There is no shortage of books that explore the history of colonial medicine in Africa. Most of them revolve around a particular colonial empire – usually before the Second World War – or more often yet, they focus on a particular disease. In Le médicament qui devait sauver l’Afrique, however, Guillaume Lachenal gives us something new: a tale of imperial scientific hubris turned deadly colonial folly (bêtise) told through the lens of another story: the story of a drug called Lomidine. Once called a ‘wonder drug’ – believed to prevent against sleeping sickness – Lomidine (or pentamidine) was administered across wide regions in sub-Saharan Africa where the disease was endemic. In a mere matter of years, however, the more sinister effects of the drug were rapidly becoming apparent. In the heyday of its use, numerous people died of complications associated with Lomidine injections. Further tests in the 1960s revealed the drug to be not only ineffective, but hazardous as well.

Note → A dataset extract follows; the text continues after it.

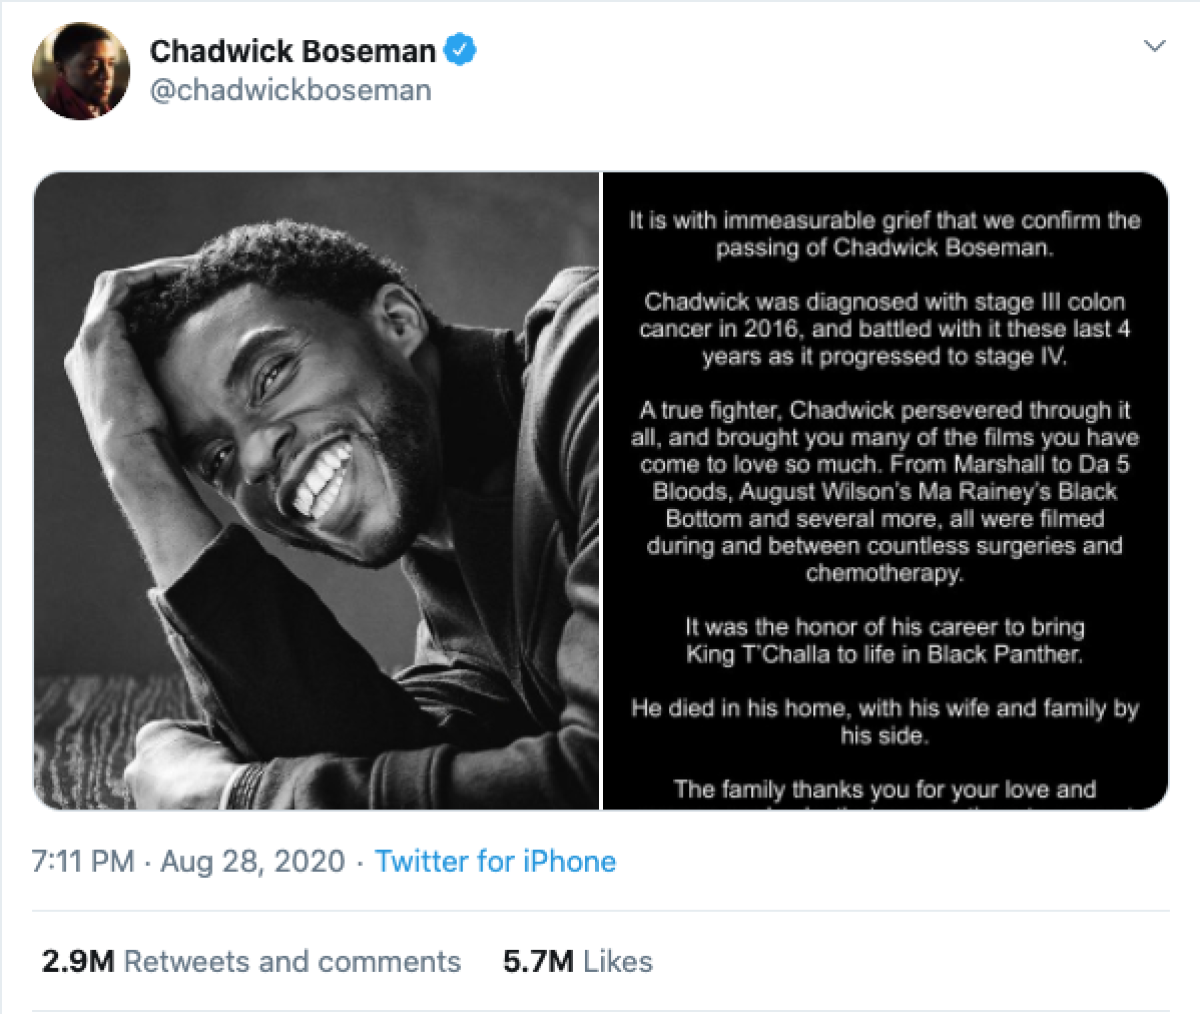 Most Liked Tweet Is From Chadwick Bosemans Account Los Angeles Times 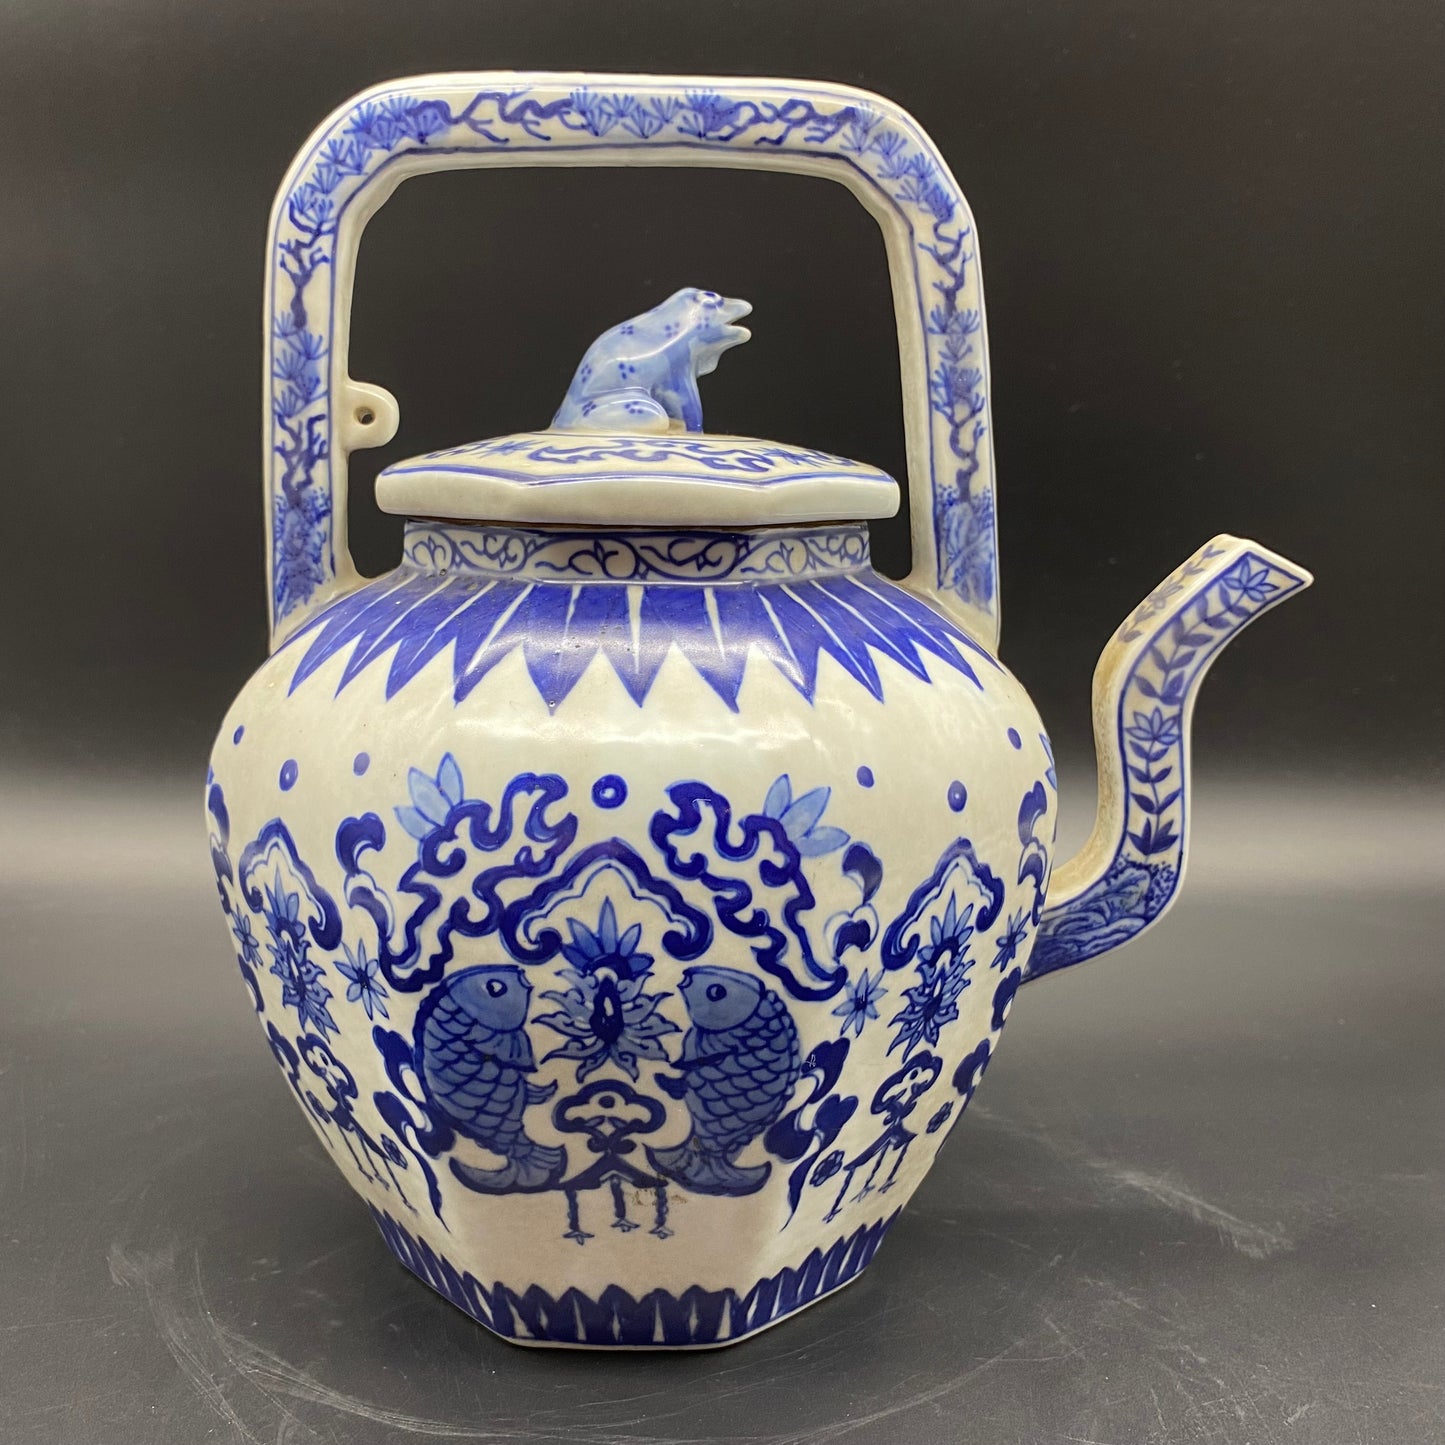 Chinese Tea Pot Circa Qing Dynasty period, 18th/19th century. Very good condition; No chips, cracks or repairs.

In this book, Lachenal asks: knowing what we do today about this drug’s ‘dangerous uselessness’, how can we understand the enthusiasm – obsession even – with which colonial doctors pursued the ‘lomidinisation’ campaigns of the 1950s? In what ways was this drug a tool of colonial power, as well as a site of both colonial edification and contestation? And finally, in what ways did imperialism shape the history of modern biomedical science in Europe after the Second World War? Le médicament qui devait sauver l’Afrique argues that in the context of post-war colonial Africa, the imperial compulsion for modernisation – and in the case of sleeping sickness, eradication – triumphed over reason, professional ethics and the protection of the lives of the populations in question. It is a case study of colonial contradiction, failure and folly, all integral aspects of the imperial story that few historians have been willing to take on. Drawing on archives from France, Britain, Belgium, Senegal and Cameroon, Lachenal’s book traces the ‘biography’ of Lomidine throughout the years.
The book begins where the story ends: with a survey of the ‘imperial debris’ left behind by this pharmaceutical scandal. From the ruins of the Rhodia factory, where Lomidine was produced, Lachenal takes us back to the origins of the ‘wonder drug’ in the laboratories of interwar Britain, following the story from experimentation in the Belgian Congo to production in France. In these chapters, Lachenal argues that colonial empires were never peripheral to the development of modern biomedical science, and that colonial medicine was inherently transnational in nature – in ways that few historians have successfully demonstrated.Footnote 1 Chapters three to five explore the implementation of the Lomidine campaigns in sub-Saharan Africa, exploring the colonial obsession with eradication and the first inklings of trouble. Initial ‘incidents’ with the drugs were linked to ‘native weakness’ (faiblesse indigène) or ‘vagosympathetic instability’ on the part of patients. Chapter six contextualises the Lomidine campaign in the broader political landscape of post-war empires, where the consent of the individual had become an indispensable component of the new colonial project. Yet coercion and violence persisted, especially in an era when more and more Africans refused to submit to compulsory vaccination campaigns. ‘Sanitary citizens’, according to colonial health officials, were ones who would protect themselves – and their communities – against the threat of sleeping sickness. The following chapters trace the story of the 1954 ‘accidents’ in Yokadouma and their aftermath. For the first time in the history of Lomidine use these accidents called into question both the safety of the drug as well as broader ‘social, racial, moral, and epistemological hierarchies’ (p. 148). In the final section of the book Lachenal argues that the incidents at Yokadouma should not be taken as anomalies; rather they should be viewed as windows into the inefficiency and incoherence of colonial governance.
Perhaps the greatest asset of the book is the way Lachenal is able to make the most mundane of encounters come alive for his reader: scientific meetings, technical encounters in a laboratory or vaccination tours in rural Cameroon. Second only to Lachenal’s marvellous storytelling ability, another strength of this book is his ability to guide the reader through an intricate web of scientific expertise, industrial production, racial ideologies and lived daily experience that connected seemingly disparate points of the globe: Brazzaville, Liverpool, Gribi, Brussels and Besançon. Linking the history of different colonial empires in a way that few historians have, Lachenal reminds us that no colonial venture played out in a vacuum, and that the colonial histories of different empires intersected in interesting and often unexpected ways. Highly readable, Lachenal’s book should not be missed by historians of science, colonial medicine or internationalism, or by anyone looking to understand the foundations of the current public health crisis in Africa today.